Et malheureusement, on en restera là. Le film étant à nouveau trop focalisé sur son anti-héros, la question du rapport au public ne sera donc limitée qu'à son propre regard. On ne saura finalement rien de ces milliers de fans et de la relation qu’ils entretenaient avec leur mythe vivant. Ils resteront à jamais une masse informe et sans voix.
Lee Quinzel aurait pourtant pu incarner cette figure de fanatique obsessionnelle, mais en définitif, le personnage est aussi peu développé que tous les autres fans sans visages. Aucune personnalité bien définie, pas de passé, des motivations floues… Elle n’existe qu’en tant que faire-valoir du Joker alors que, factuellement, c’est elle la personnage centrale de cette histoire. Le Joker ne peut exister sans ses admirateurs, or, en se désintéressant de ces derniers, le film s’empêche de traiter toute une partie pourtant indispensable de son sujet.

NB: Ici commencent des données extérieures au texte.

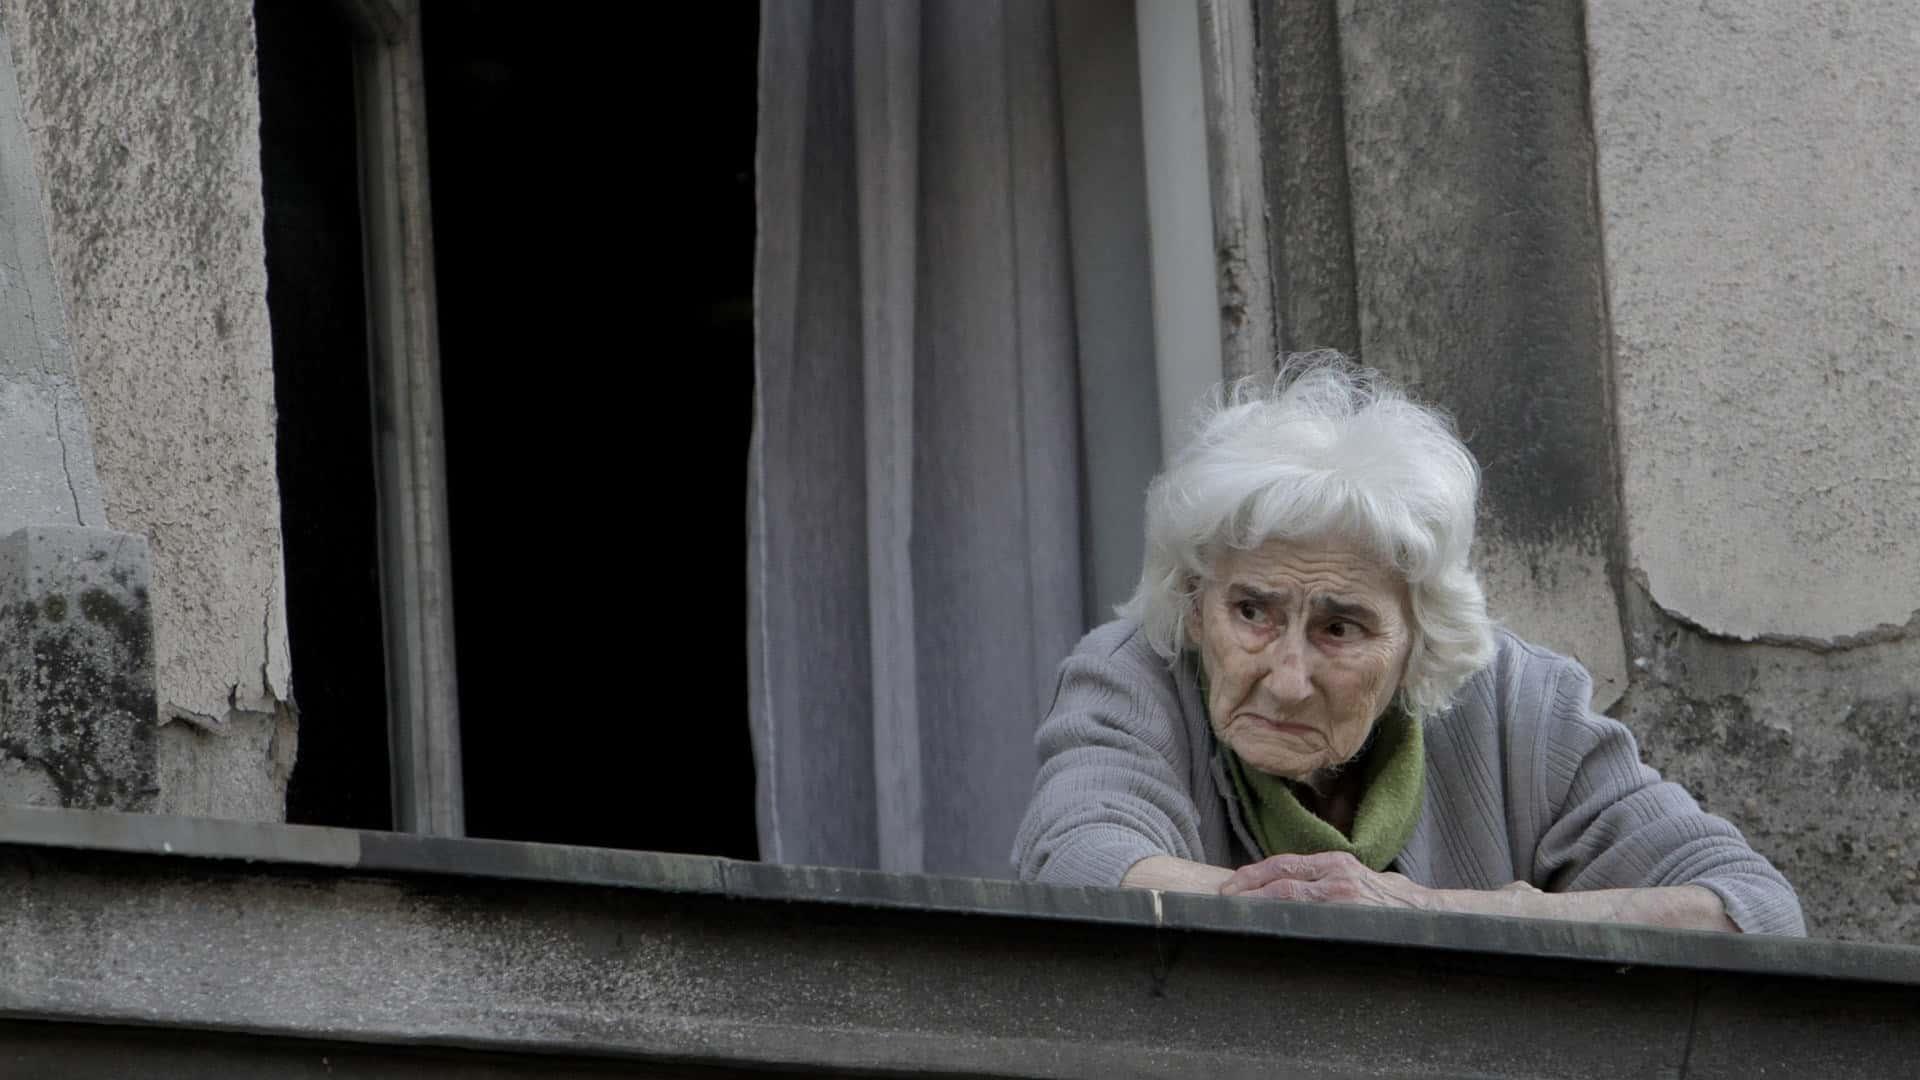 В Госдуме призвали понизить пенсионный возраст и ликвидировать Пенсионный фонд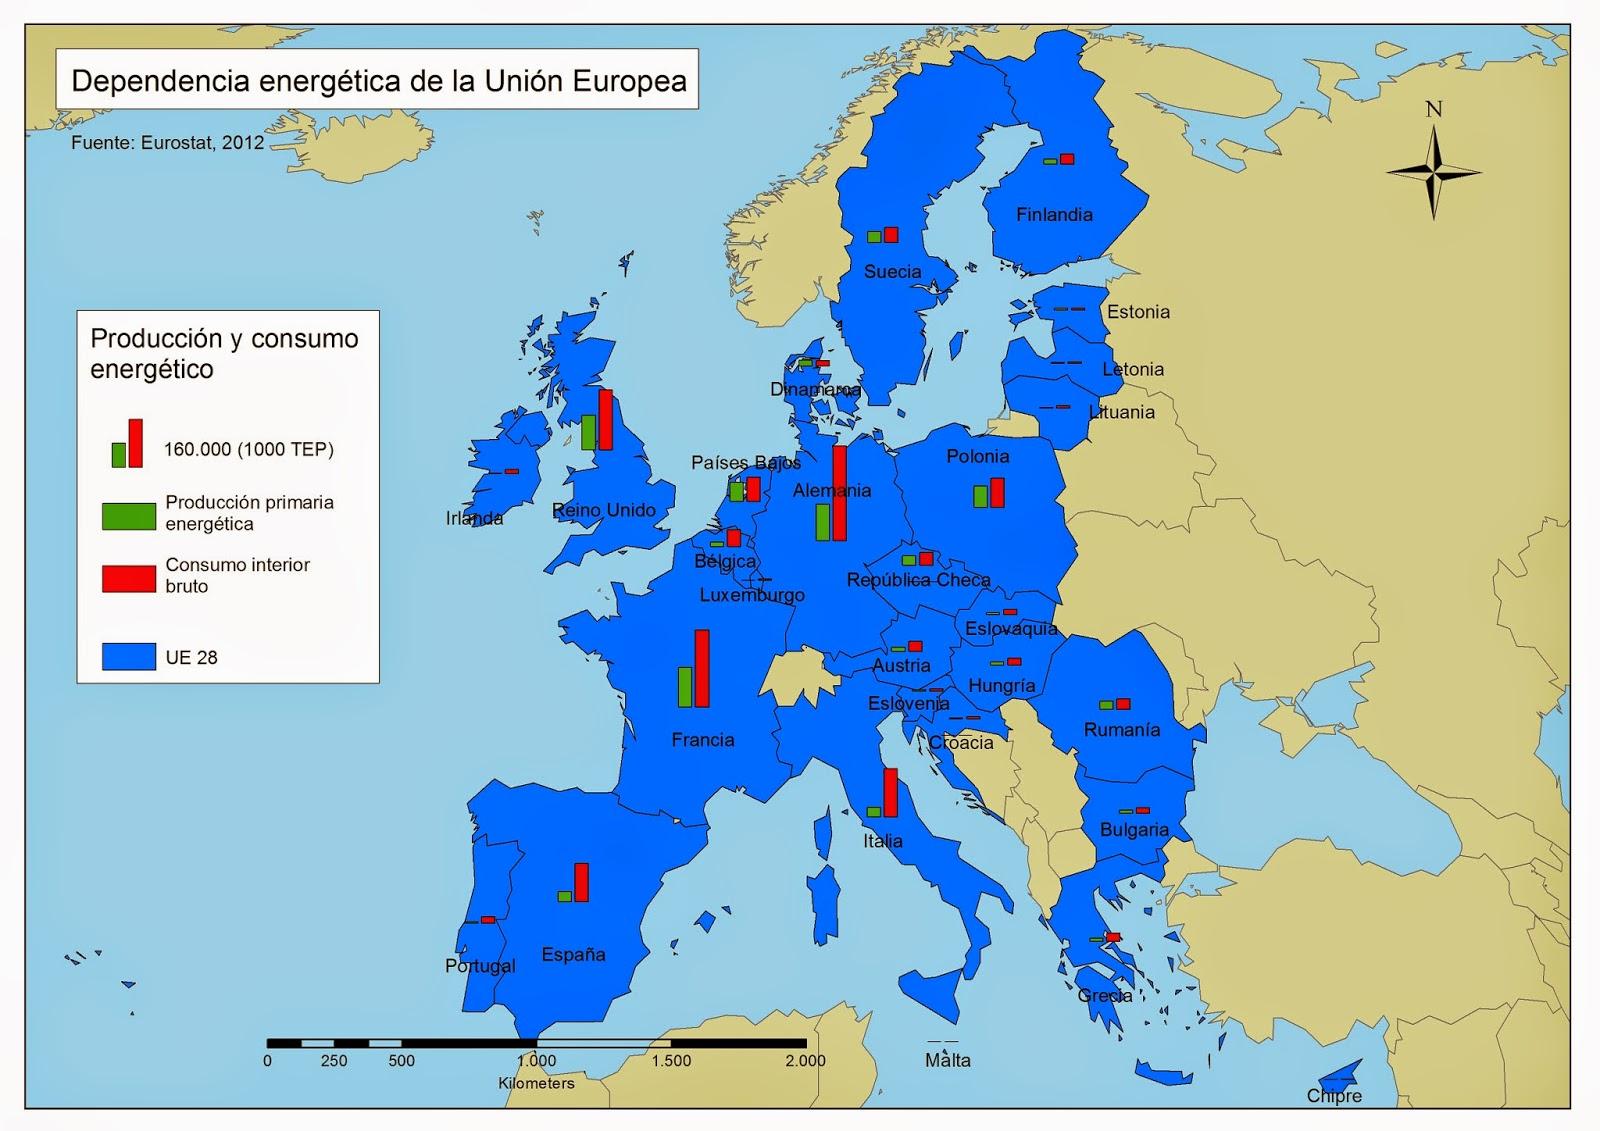 dependenciaenergetuicaeuropea

Comme pour le précédent Joker, il y a de bonnes idées et Joaquim Phoenix est toujours là pour sauver les meubles, mais le tout manque de profondeur et traite trop superficiellement ses thématiques pour être réellement pertinent ou émouvant. L’évolution d’Arthur est laborieuse, il manque des liants entre les différents stades de son état mental. Des liants que tenteront maladroitement de combler les nombreuses séquences musicales.
Concernant l'incursion de ce genre, en soit, il ne me dérange pas puisqu’il est utilisé dans une démarche proche de La La Land, comme allégorie d’une rêverie naïve en réponse à la dure réalité dans laquelle baignent nos protagonistes. Cela se justifie, mais dans les faits, son utilisation reste finalement très anodine. Pas de chansons originales, rien que des reprises peu mémorables à la mise en scène plate, le plus souvent sans utilité narrative et servant surtout de bouche trou entre deux scènes vraiment importantes. On se demande bien ce qui a pu motivé Philips et Phoenix à s’aventurer sur ce terrain-là si c’est pour aboutir à un résultat aussi insignifiant.
Quant au reste de la mise en scène, elle est dans la droite lignée du premier film. Les fans ne risquent pas d’être dépaysés, c’est exactement la même réalisation outrancière que je vomissais déjà 5 ans auparavant, avec la même photo générique de blockbuster hollywoodien, et le même recourt excessif à des gros plans sur la gueule du Joker, accompagnés d’une musique stridente aux violons grinçants.
Alors oui, on peut saluer la prise de risque et les quelques bonnes idées de cette suite, mais comme pour l’original, c’est surtout l’exécution qui pêche sérieusement.
A l’instar du personnage titre, le succès de Joker était purement conjoncturel. A l’apogée du modèle Marvel, après des années de perdition super-héroiques chez Warner et en plein contexte insurrectionnel en France et aux USA, c’était le film qui sortait au bon moment et que tout le monde avait envie d’aimer pour ce qu’il semblait être. Or, il est amusant de constater à quel point cette Folie à Deux, qui contient pourtant les mêmes défauts et les mêmes qualités que son aîné, ne bénéficie plus aujourd’hui du même traitement de faveur.